Acabo a contemplar-te
Uma e outra vez
Chilreando na floresta encantada
Onde nunca é tarde para acontecer,
Partes
Para a derradeira viagem
Que
Todos os anos empreendes
Do sul até ao norte
Nessa arribada jubilosa
E com áurea te concede
Esse título de Princesa,
Mas é a hora do regresso
A essa costa ventosa
Que testemunhou
Barcos carregados de especiarias
Fustigados pelas águas
Pululada de escarpas
Que parece não ter fim,
Depois de um verão quente e seco
Que se arrastou
Em dias e dias consumidos
A olhar o mar
A mirar a areia repleta de gente
A passear os sonhos
A tatear-se
Desejando que o mundo se detivesse
Naqueles corpos agrestes e salgados
A caminhar na praia
A encarar
Lá longe o horizonte
E a ver o pescador
Fustigado pelo inclemente sol
De cana na mão
Paciente
À espera de capturar o maior robalo
Que vai lutando
Para não cair num simples balde
De corpo areado
A morrer lentamente
Enquanto ouve o mar tão perto
Impotente para a ele regressar!
Agora
É hora de começar mais um ciclo de vida
Vejo a tua partida
Não como um movimento definitivo
Mas um até já
Que para o ano volto mais forte…
Singela andorinha
Tu que cada ano regressas sempre
Ao mesmo ninho
Onde abriste os olhos
E concedeste vida
Ao mundo
Arfa esse peito enorme
Pois quem viaja a essa distância
Como só tu o fazes
Não tem limites na terra
E por isso
Chilreia sempre adorável andorinha
Concedendo-me ignotas saudades
Dos dias tórridos e secos
De um tempo que se escapou de mim
Como areia fina a escapulir devagar
Por entre os dedos finos das minhas mãos.

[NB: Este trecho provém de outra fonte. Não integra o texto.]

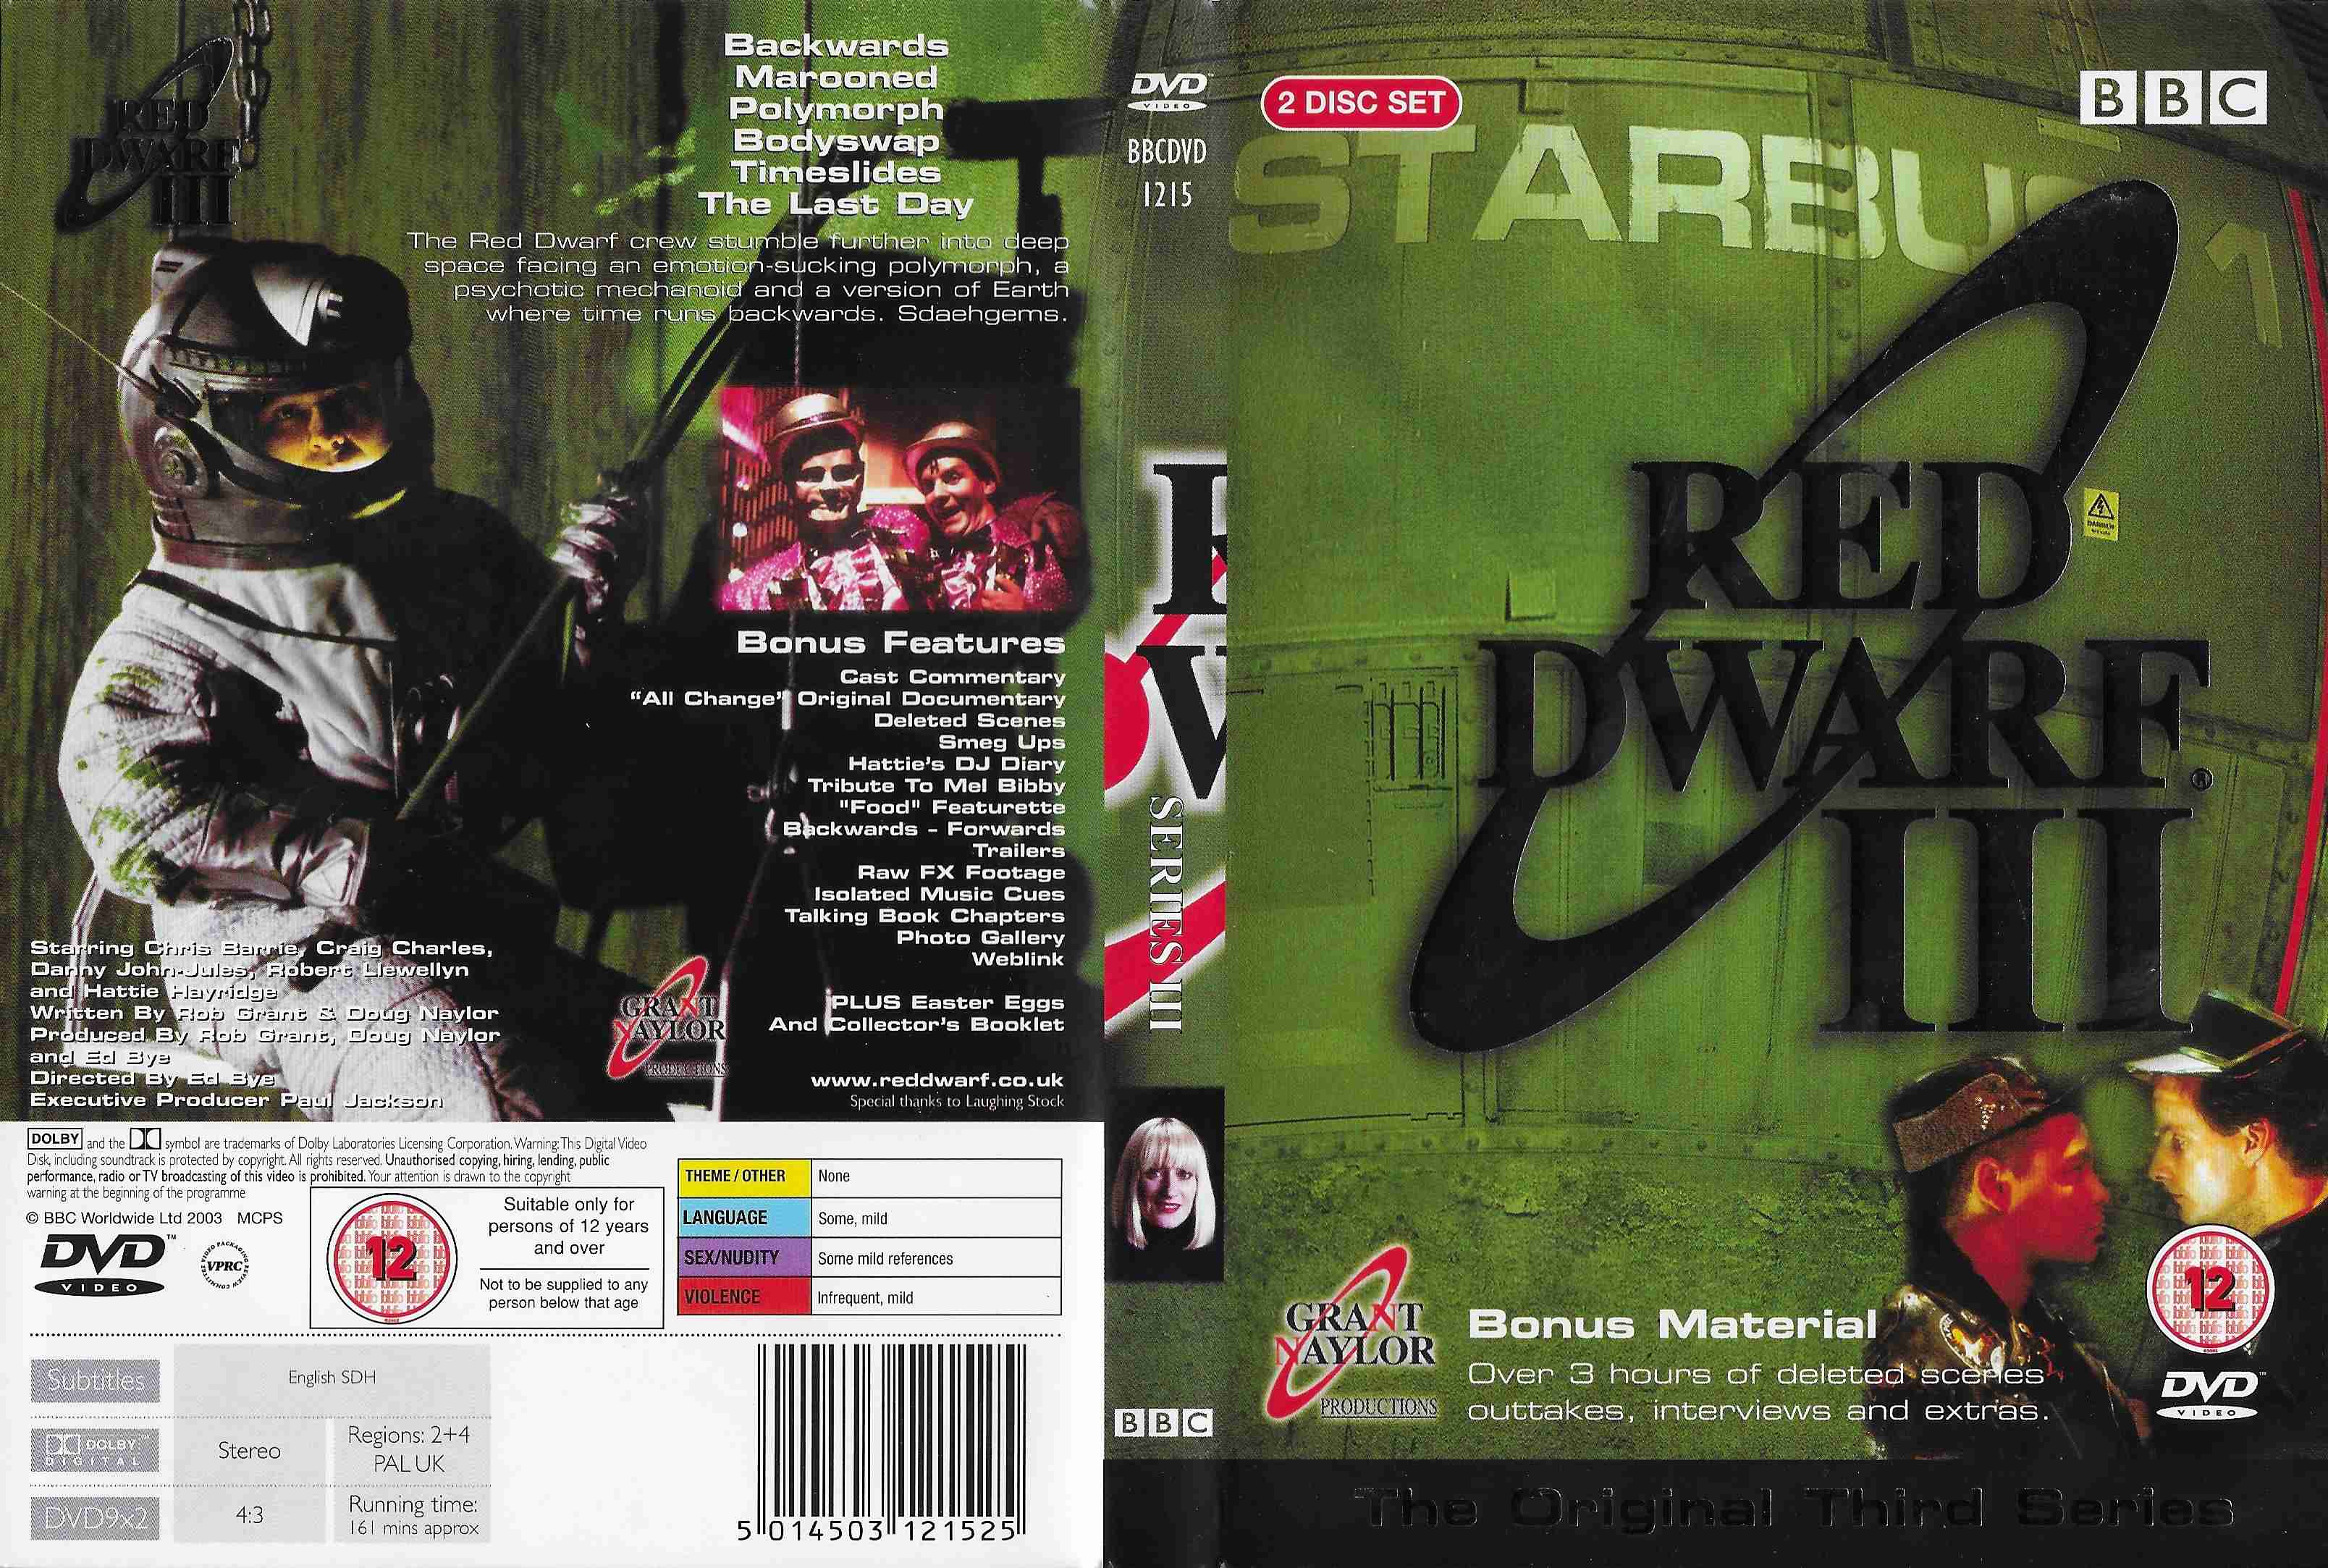 Picture of BBCDVD 1215 Red dwarf - Series III by artist Rob Grant / Doug Naylor from the BBC records and Tapes library

De que te adianta lamuriar
Se vieste para viver
Em excesso permanente
Tudo quiseste
Tudo queres
Tudo quererás
E o que não te destrói
Faz-te mais forte!
Olhas-te ao espelho
E que miras?
Uma indestrutível força
Que não vacila
Uma onda de paixão
Que não se atormenta com o irrisório
E há tantos e infindáveis sentimentos nobres dentro de ti
Que chega a parecer imodéstia
Essa tua simplicidade
Sem ardis e sincera
Que não vê limites para ajudar
E que grita
Como um animal enjaulado
Quando não vê a quem possa auxiliar
Quem mergulha
Nesse lago interior
Que refresca as margens
Do teu juvenil entusiasmo
Fica siderado
Com tamanha amplitude!
O que tu vês
Em ti
E nos outros
É pura bondade
Pois em ti não há
Intrigas ou maldades
Olho
E vejo-te já a partir dessa barcola
Onde te avistei pela primeira vez
Onde mareavas
Com perícia
A embarcação
Que não se suavizava
Nem se acalentava
Ao mero sabor das ondas
No fundo
Moldaste-te a tudo e a todos
E quando parecias já esquecida
Eis que
Vejo minúsculas barcolas
A acenar
Saudosas
Para o teu barco
No horizonte
Que mais uma vez
E
Mais uma
Não perecerás!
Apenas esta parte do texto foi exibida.